What is HDFC Tax Saving FD?
HDFC Tax Saving FD is a type of fixed deposit that provides the benefits of investing in an FD along with tax saving. With an investment in an HDFC Tax Saving FD, you can save income tax under section 80C of the Income Tax Act, 1961. Section 80C allows a tax deduction of Rs 1.5 lakhs for an investment in a tax saving fixed deposit. The HDFC Tax Saving FD has a lock-in period unlike other fixed deposits of 5 years. Hence, while investing in a tax saving FD an investor must consider the liquidity of this investment.
HDFC Tax Saving FD Interest Rate 2023
|Type of Depositor||Rate of Interest|
|Individuals (Less than 60 years of age)||5.60%|
Features of HDFC Tax Saving FD
- The minimum amount for the tax saving FD is Rs. 100 & in multiples of Rs. 100
- Maximum amount allowed for a financial year is Rs. 1.5 Lakhs
- The lock-in period is 5 Years from the date of deposit
- Due to the lock-in period, the investor cannot prematurely withdraw the HDFC Tax Saving FD
- An investor can opt for a monthly, quarterly payout. Alternatively, an investor can opt for a payout of interest on the maturity of the fixed deposit. While depositing the amount you can select the maturity instructions.
- In the case of joint deposits, the tax deduction will be available only to the first FD holder of the deposit. The first HDFC Tax Saving FD holder can claim a tax benefit under section 80C of the Income Tax Act, 1961.
- TDS on interest will be deducted after the end of every calendar quarter
- Your interest will be calculated every three months. Every quarter, the interest for reinvestment is computed, and the Principal is increased to reflect the interest earned the previous quarter.
- In case of loss, theft, destruction, mutilation or defacement of the FD receipt, a duplicate receipt will be issued only on furnishing an Indemnity bond in the prescribed form with one or more approved sureties or with a bank guarantee.
- TDS will be deducted when interest payable or reinvested on RD and FD per customer across all branches exceeds Rs. 40,000/- (Rs. 50,000/- for senior citizens) in a financial year.
- Individuals seeking exemption from TDS on the interest income of FD and RD, have to submit a completed Form 15 G/H at the nearest branch or online within the first week of the new Financial Year and every time a new deposit is booked.
- Maturity amount for deposits would vary to the extent of tax and compounding effect on tax for the period subsequent of deduction till maturity and also due to rounding off to the extent of 50 paise in each F.Y.

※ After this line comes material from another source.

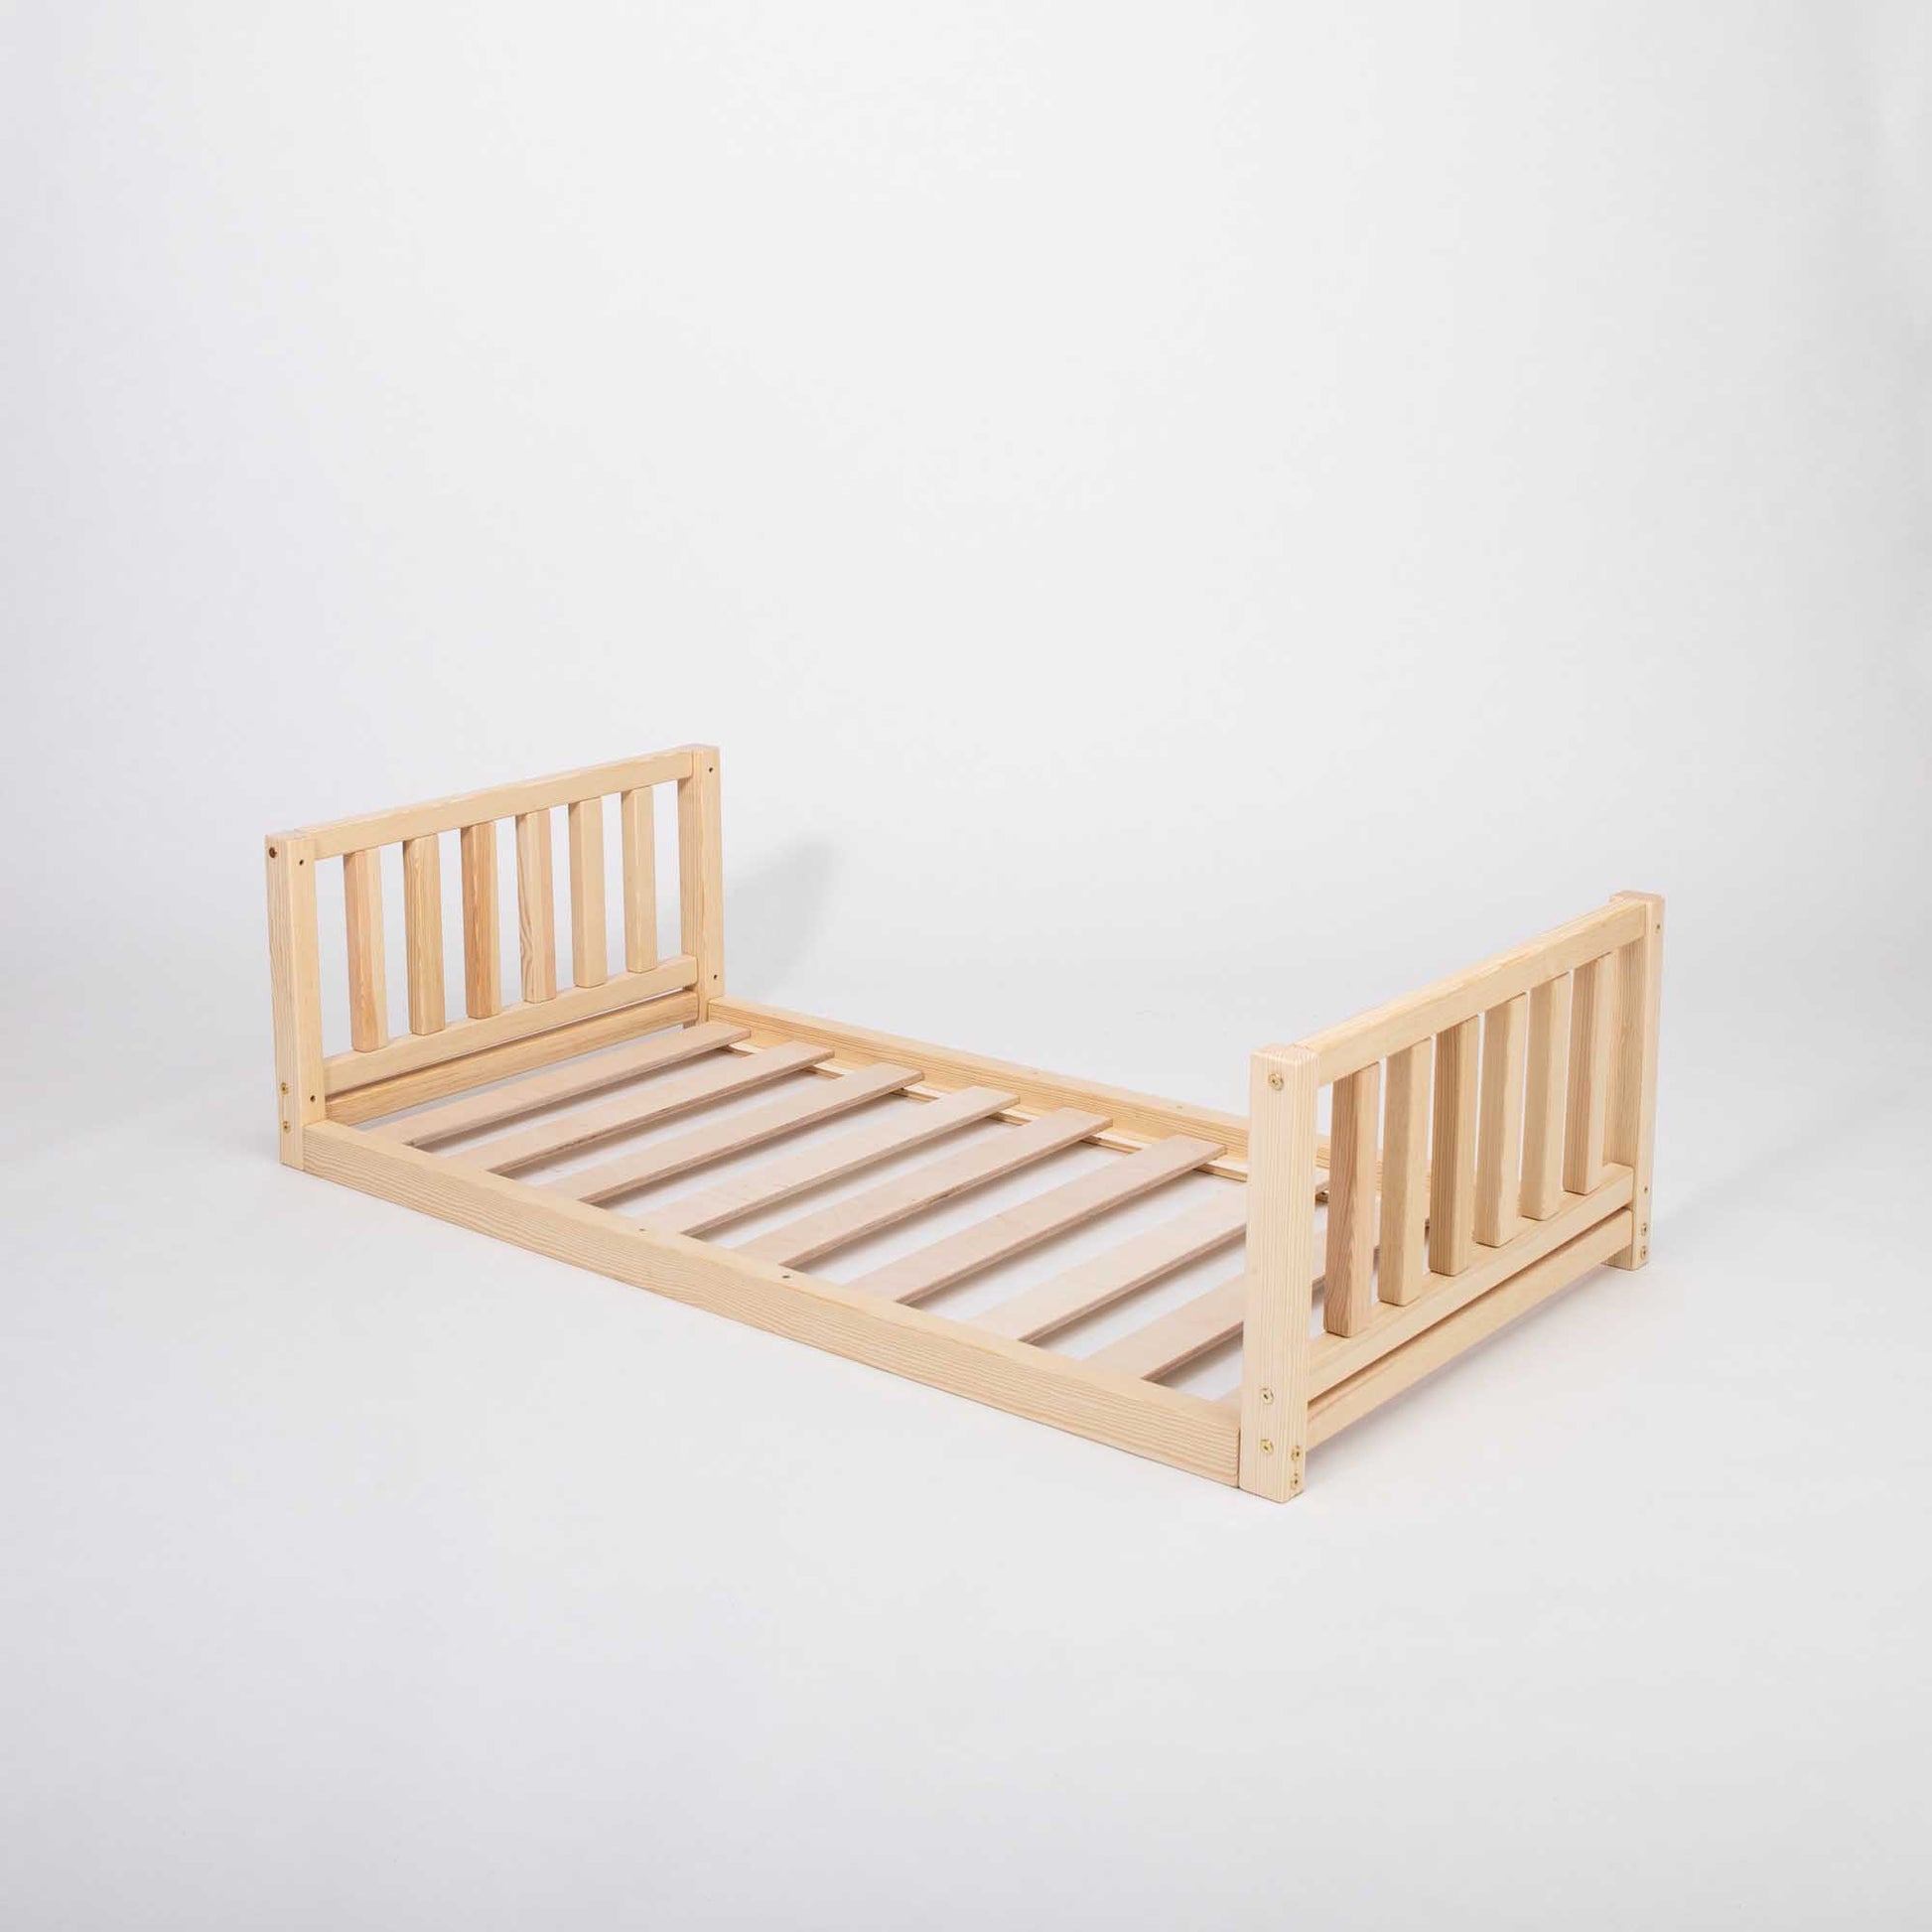 This 2-in-1 kid's bed on legs with a vertical rail headboard and footboard is made of solid pine or birch wood with slats, placed on a white background.

Who Can Invest in the HDFC Tax Saving FD?
Every resident in India including a senior citizen and a HUF Hindu Undivided Family can invest in the HDFC Tax Saving FD.
How To Invest in HDFC Tax Saving FD?
An investor can invest in HDFC Tax Saving FD either through online internet banking or offline.

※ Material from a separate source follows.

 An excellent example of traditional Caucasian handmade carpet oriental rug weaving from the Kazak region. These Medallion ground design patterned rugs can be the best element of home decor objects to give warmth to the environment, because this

Online Through Internet Banking or Mobile Banking
- Login to their internet banking or mobile banking.
- Go To ‘Account’
- Click on ‘Transact’
- Now select the option of ‘Open a Fixed Deposit < Rs 5 crores’.
- Select the Type of FD as 5 years Tax Saving Fixed Deposit
- Select the account from which the amount must be debited
- Choose the place of FD as a home branch or others
- Enter the FD amount
- Select the nature of deposit as monthly interest payout, quarterly interest payout, or reinvestment of interest
- Select the maturity instructions, interest payable, and interest payable mode
- Choose the bank account to which the principal and interest amount must be credited on the maturity of the fixed deposit
- Declare the nominee information
- Click on continue and the deposit amount will be deducted from the bank account
You can open an HDFC Tax Saving FD account by visiting the nearest branch of HDFC bank. You need to submit the FD account opening application form along with a few documents. Such documents include PAN and any other proof of address such as Aadhaar. The online mode is more convenient because you can open the FD account at your ease with a few clicks. Moreover, you need not submit any other documents since the bank already has your updated KYC.
Tax on HDFC Tax Saving FD
- Till we have understood that the amount invested is allowed as a tax deduction under section 80C up to Rs 1.5 lakhs.
- The interest income is taxable under the head income from other sources. The interest will be added to the total income earned in a financial year. It is taxed at the slab rate applicable to the investor for the financial year.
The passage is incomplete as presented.